Involvement of Nrf2, JAK and COX pathways in acetaminophen-induced nephropathy: Role of some antioxidants

Abstract

Objectives: Acetaminophen (APAP)-induced nephrotoxicity is detrimental consequence for which there has not been a standardized therapeutic regimen. Although, N-acetylcysteine (NAC) is a well-known antidote used in APAP-induced hepatotoxicity, its benefit in nephrotoxicity caused by APAP is almost lacking. This study aimed to compare the possible protective effect of thymoquinone (TQ), curcumin (CR), and α-lipoic acid (α-LA), either in solo or in combination regimens with that of NAC against APAP-induced renal injury.

Design and method: Rats were divided into nine groups; control group, APAP intoxicated group (1000 mg/kg; orally), and the remaining seven groups received, in addition to APAP, oral doses of NAC, TQ, CR, α-LA, CR plus TQ, TQ plus α-LA, or CR plus α-LA. The first dose of the aforementioned antioxidants was given 24 h before APAP, and then the second dose was given 2 h after APAP, whereas the last dose was given 10 h after administration of APAP.

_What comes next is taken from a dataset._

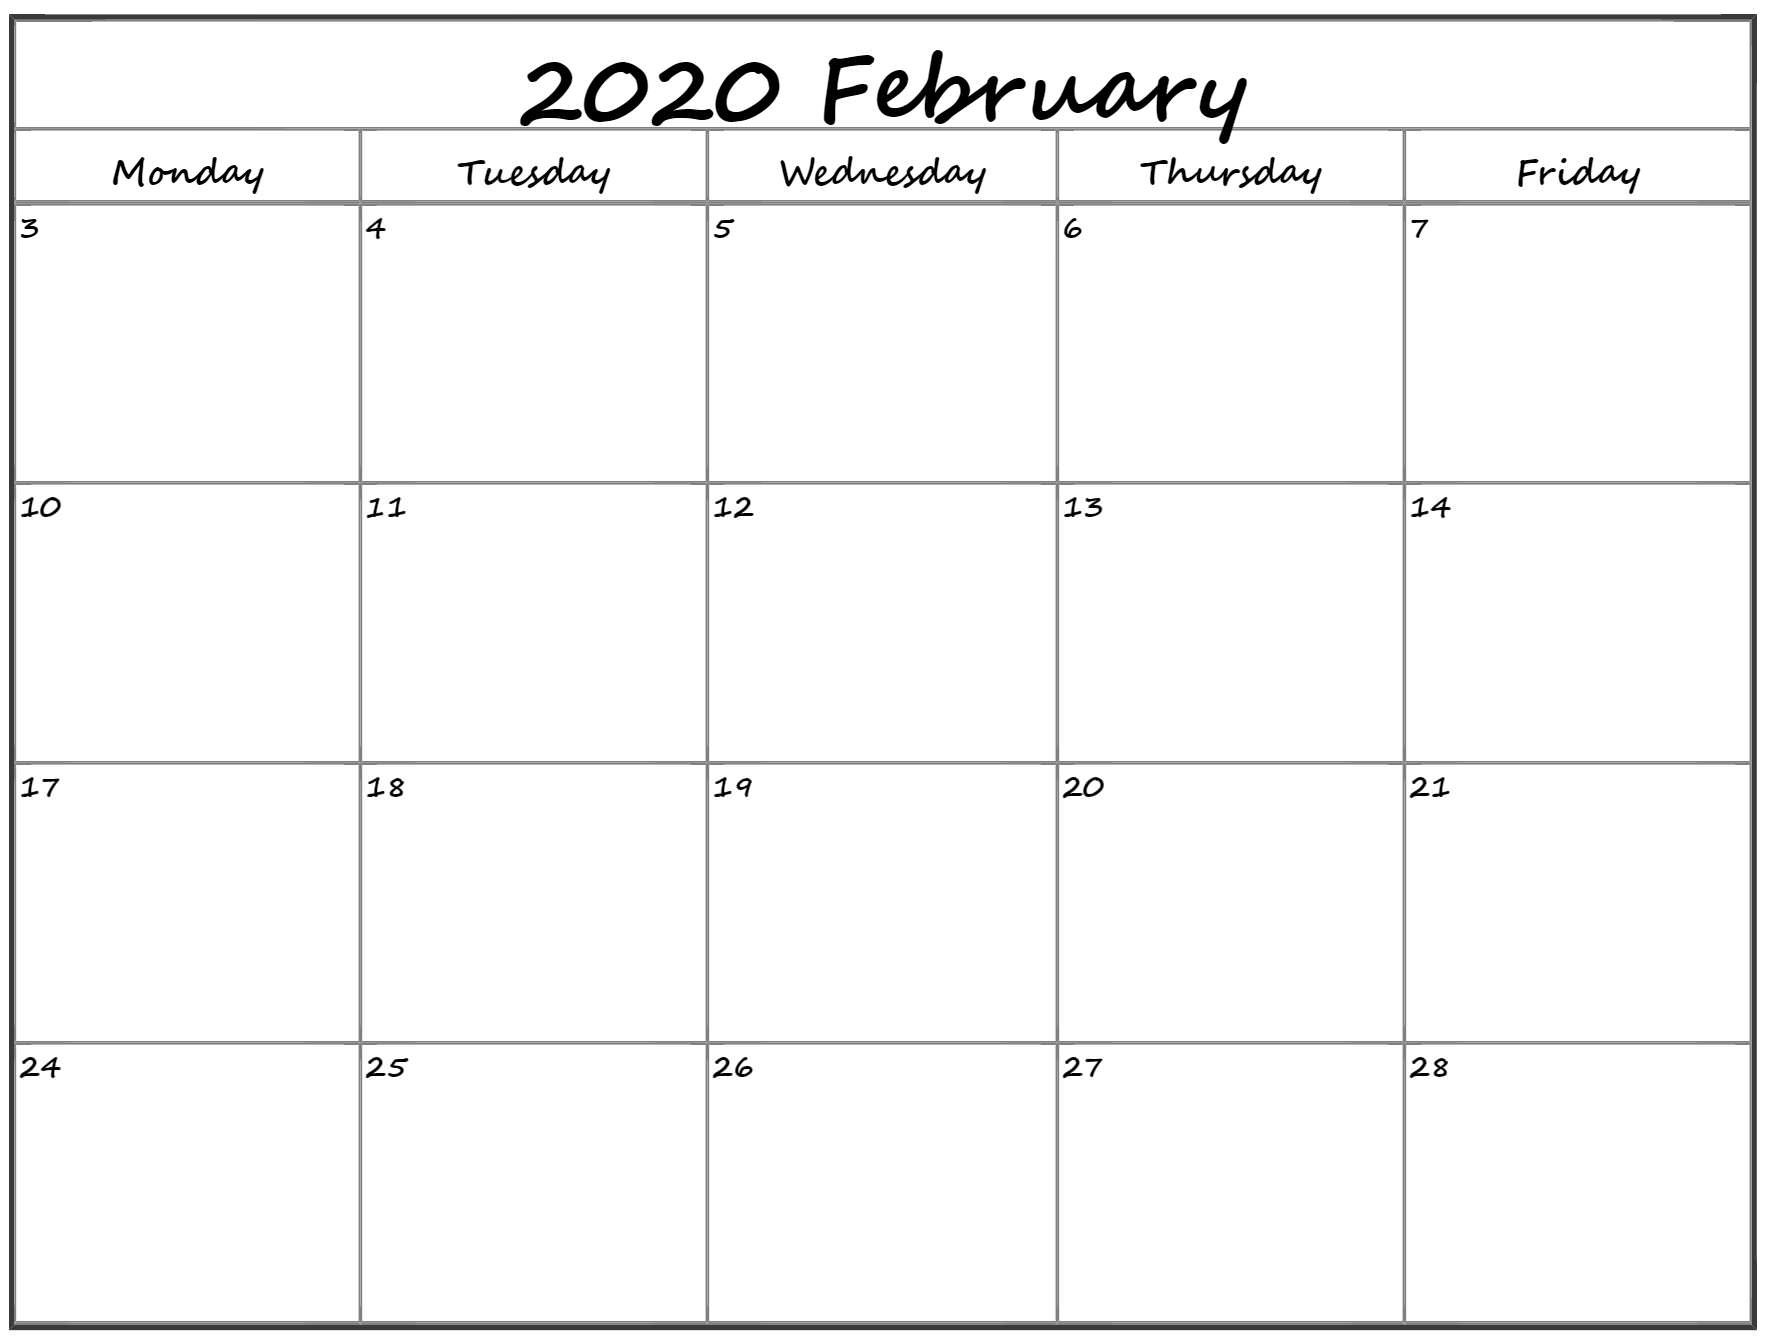 February 2020 Monday Calendar   Monday To Sunday

Results: Treatment with APAP elevated kidney markers like serum uric acid, urea, and creatinine. In addition, it increased the serum level of tumor necrosis factor alpha (TNF-α), interleukin-1beta (IL-1β) and thiobarbituric acid reactive species (TBARS). Also, the protein expression of renal janus kinase (JAK) and cyclooxygenase (COX)-2 were all upregulated by APAP. In contrast, the expression of Nrf2 and the renal levels of superoxide dismutase and glutathione were downregulated. Treatment with the indicated natural antioxidants resulted in amelioration of the aberrated parameters through exhibiting anti-inflammatory, antioxidant and free radical-scavenging effects with a variable degree.

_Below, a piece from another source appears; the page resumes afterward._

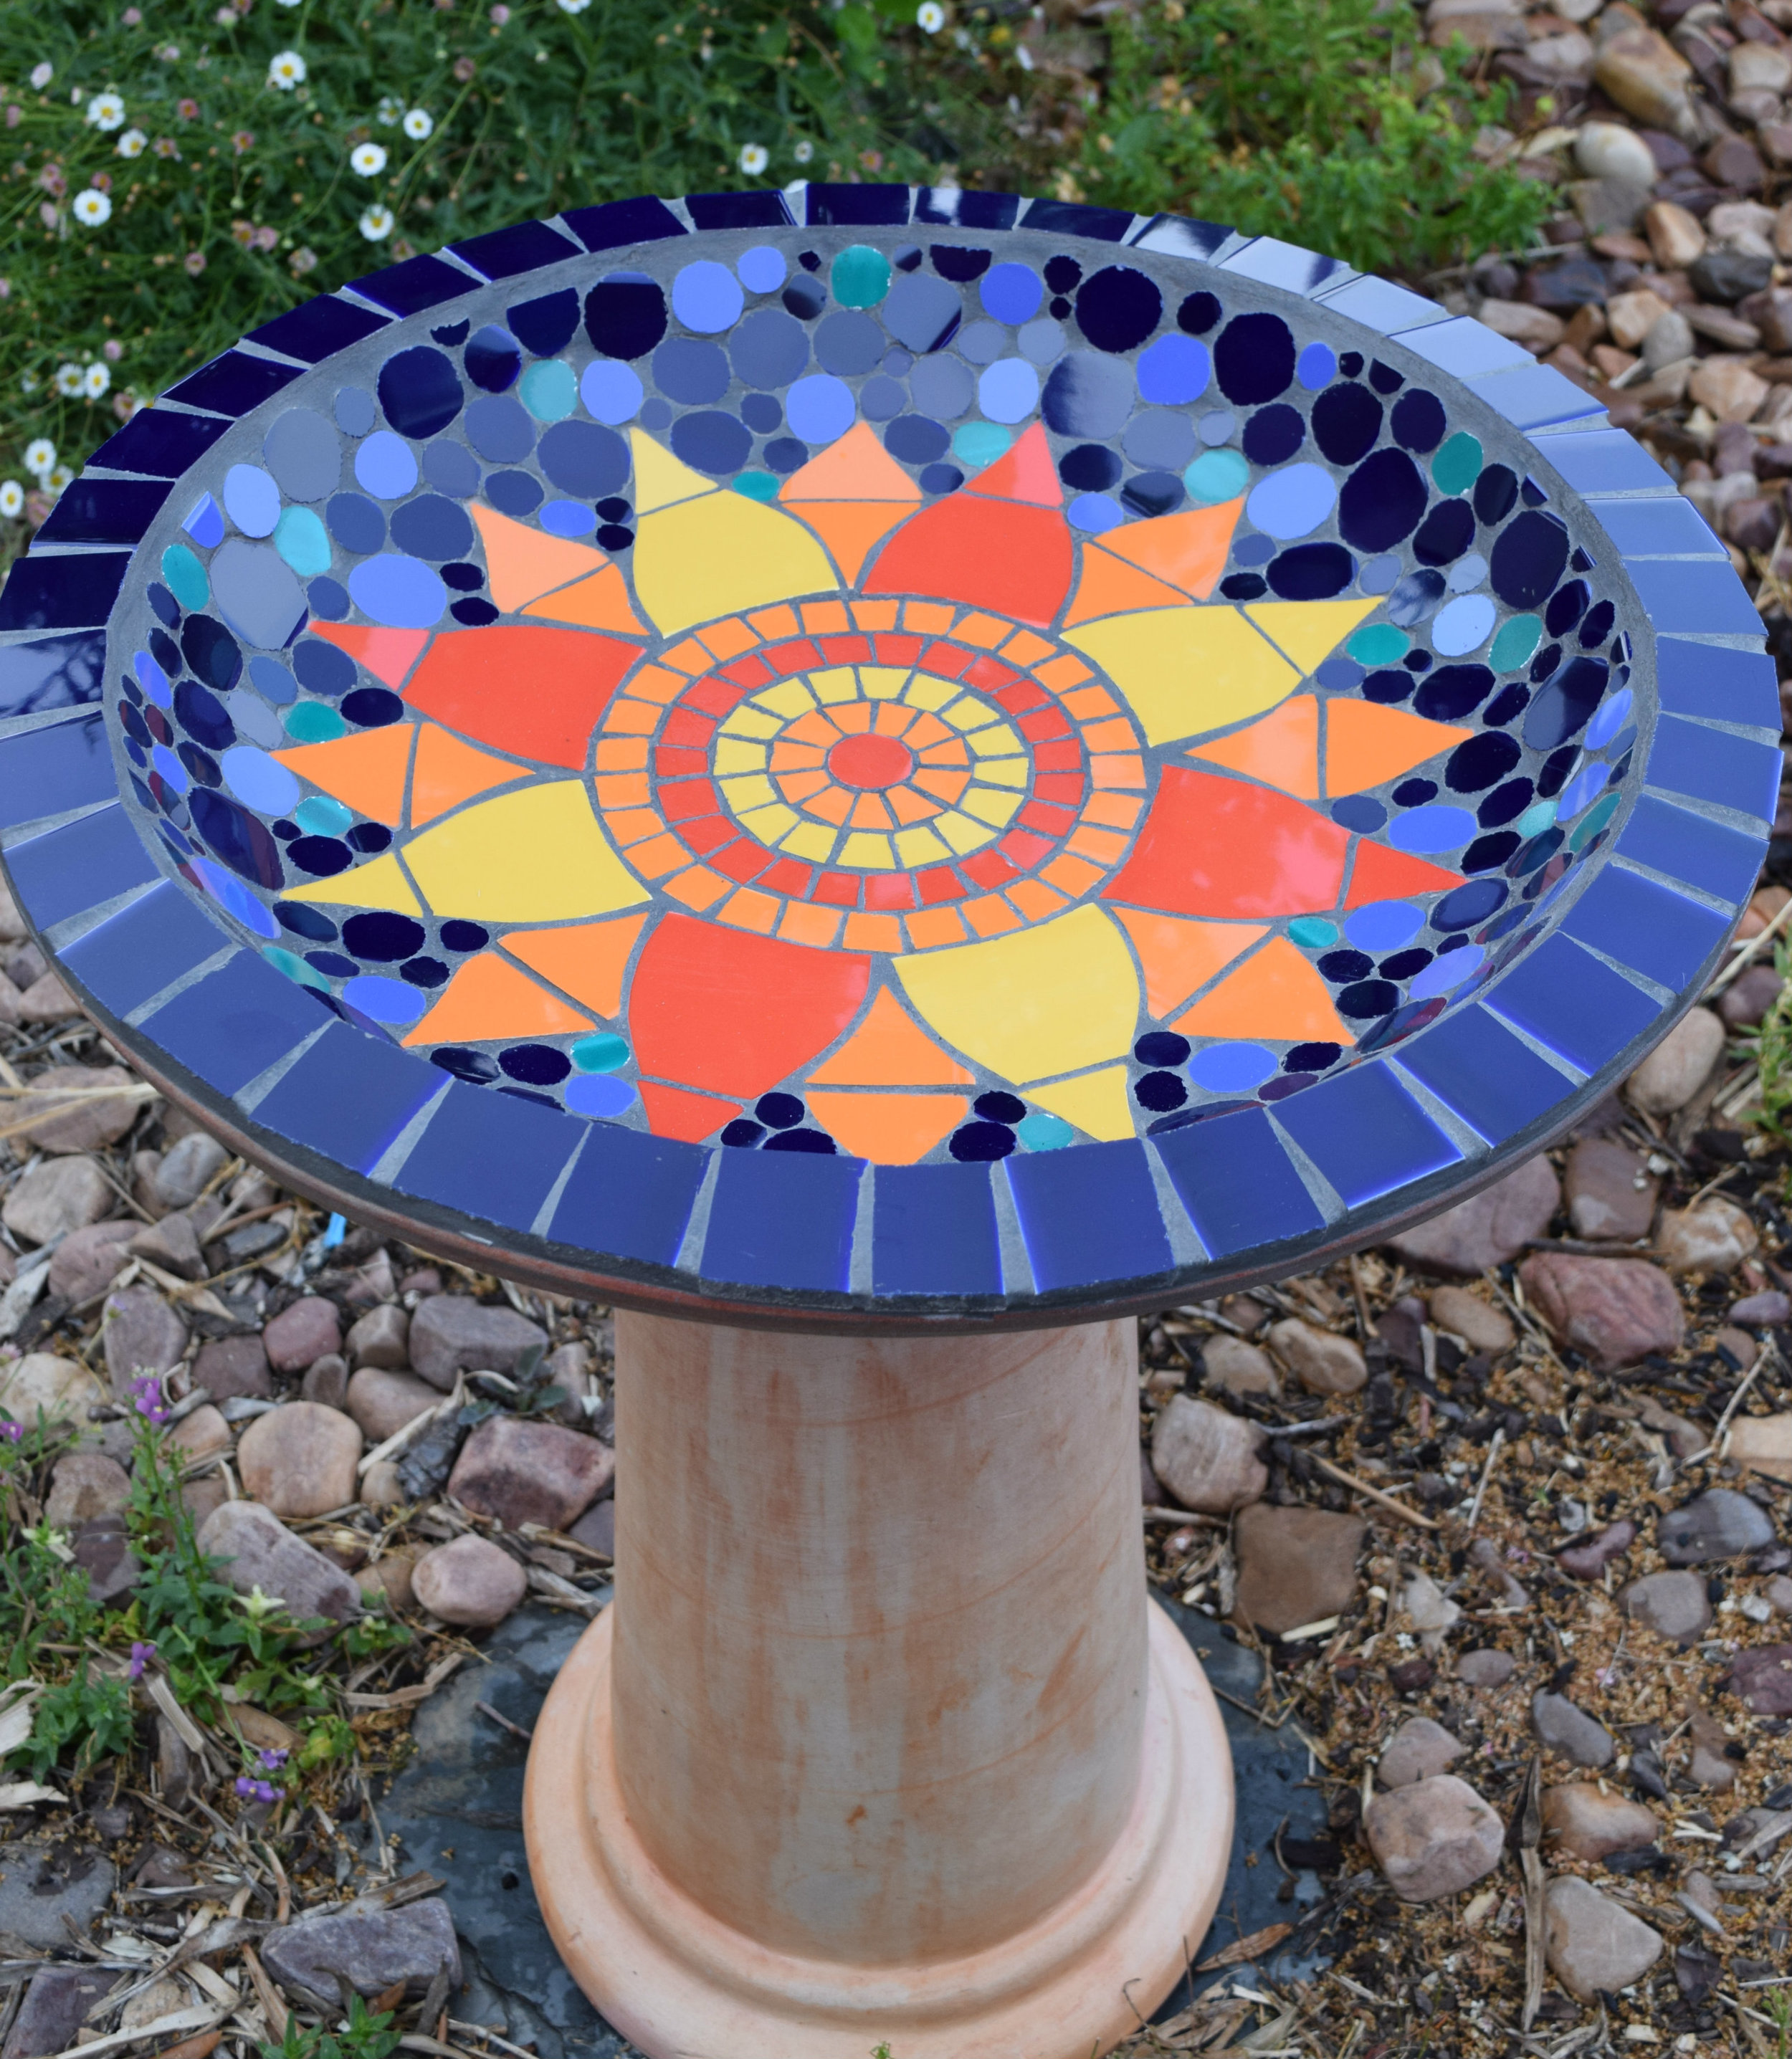 Flower Birdbath (Commission) (Ceramic)

Conclusion: The combined administration of CR and TQ exerted the most potent protection against APAP-induced nephrotoxicity through its anti-inflammatory and free radical-scavenging effects (antioxidant) which were comparable to that of NAC-treatment.

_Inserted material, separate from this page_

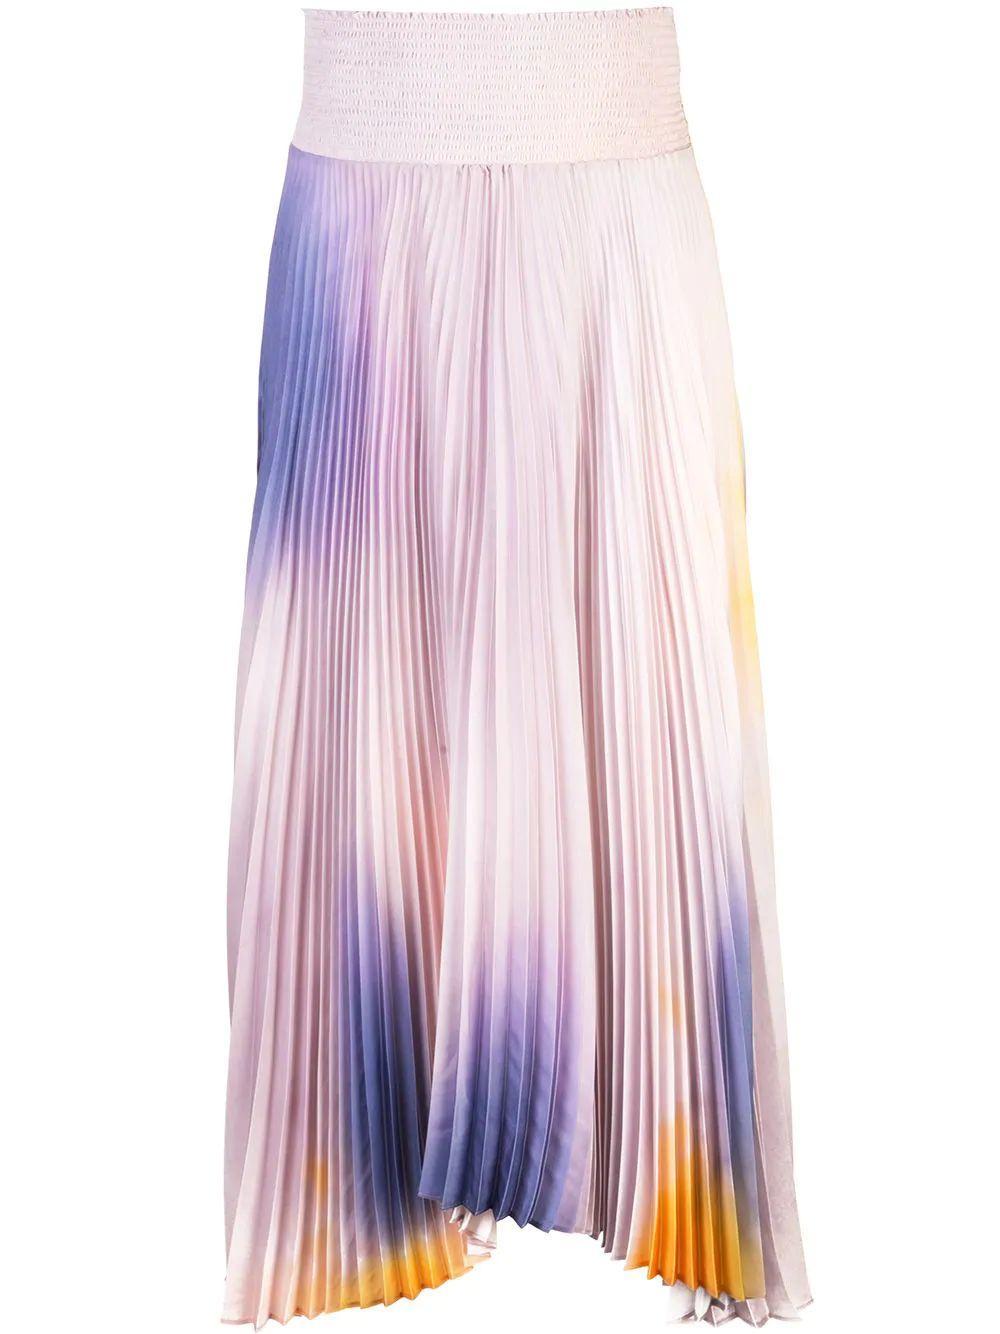 Sonali Tie Dye Pleated Midi Skirt Item # 3SKRT00158

Keywords: Acetaminophen; COX; Curcumin; JAK; N-acetylcysteine; Nrf2; Thymoquinone; α-Lipoic acid.

Fig. 1

NAC, CR, TQ, α-LA alone or in combination attenuate renal oxidative stress in a single dose of APAP-intoxicated rats. (a) Thiobarbituric Acid Reactive Species (TBARS) (b) superoxide dismutase (SOD), (c) glutathione (GSH) and (d) nitric oxide (NO) levels in the kidney tissue of rats were measured following a single dose of APAP followed by treatment with NAC, CR, TQ, α-LA or their selected combinations. Data are expressed as mean ± SEM (N = 6). ^***P ≤ 0.001 vs control, ^πππP ≤ 0.001 vs APAP group, ^$$$P ≤ 0.01, ^$P ≤ 0.05 vs NAC group.

Fig. 2

Protein expression of JAK and Nrf2 in renal tissue following administration of a single dose of APAP and all treated group. Western blot was used to determine the protein expression in treatment groups. After treatments, sections of kidney were homogenized and the total protein was extracted and subjected to separation on SDS–PAGE gel, then protein bands were transferred to PVDF membranes. After blocking, the membranes were incubated with the primary antibodies of JAK and Nrf2 using β-actin as an internal control. After incubation with the corresponding secondary antibodies, the membranes were visualized with ECL reagent exposed to X-ray. Data are expressed as mean ± SEM (N = 6). ^***P ≤ 0.001 vs control, ^πππP ≤ 0.001 vs APAP group, P ≤ 0.01, ^$$$P ≤ 0.001 vs NAC group.

Fig. 3

Protein expression of COX1 and COX2 in renal tissue following administration of a single dose of APAP and all treated group. Western blot was used to determine the protein expression in treatment groups. After treatments, sections of kidney were homogenized and the total protein was extracted and subjected to separation on SDS–PAGE gel, then protein bands were transferred to PVDF membranes. After blocking, the membranes were incubated with the primary antibodies of COX1 and COX2 using β-actin as an internal control. After incubation with the corresponding secondary antibodies, the membranes were visualized with ECL reagent exposed to X-ray. Data are mean ± SEM (N = 6). ^***P ≤ 0.001 vs control, ^πππP ≤ 0.001 vs APAP group, P ≤ 0.01, ^$$$P ≤ 0.001 vs NAC group.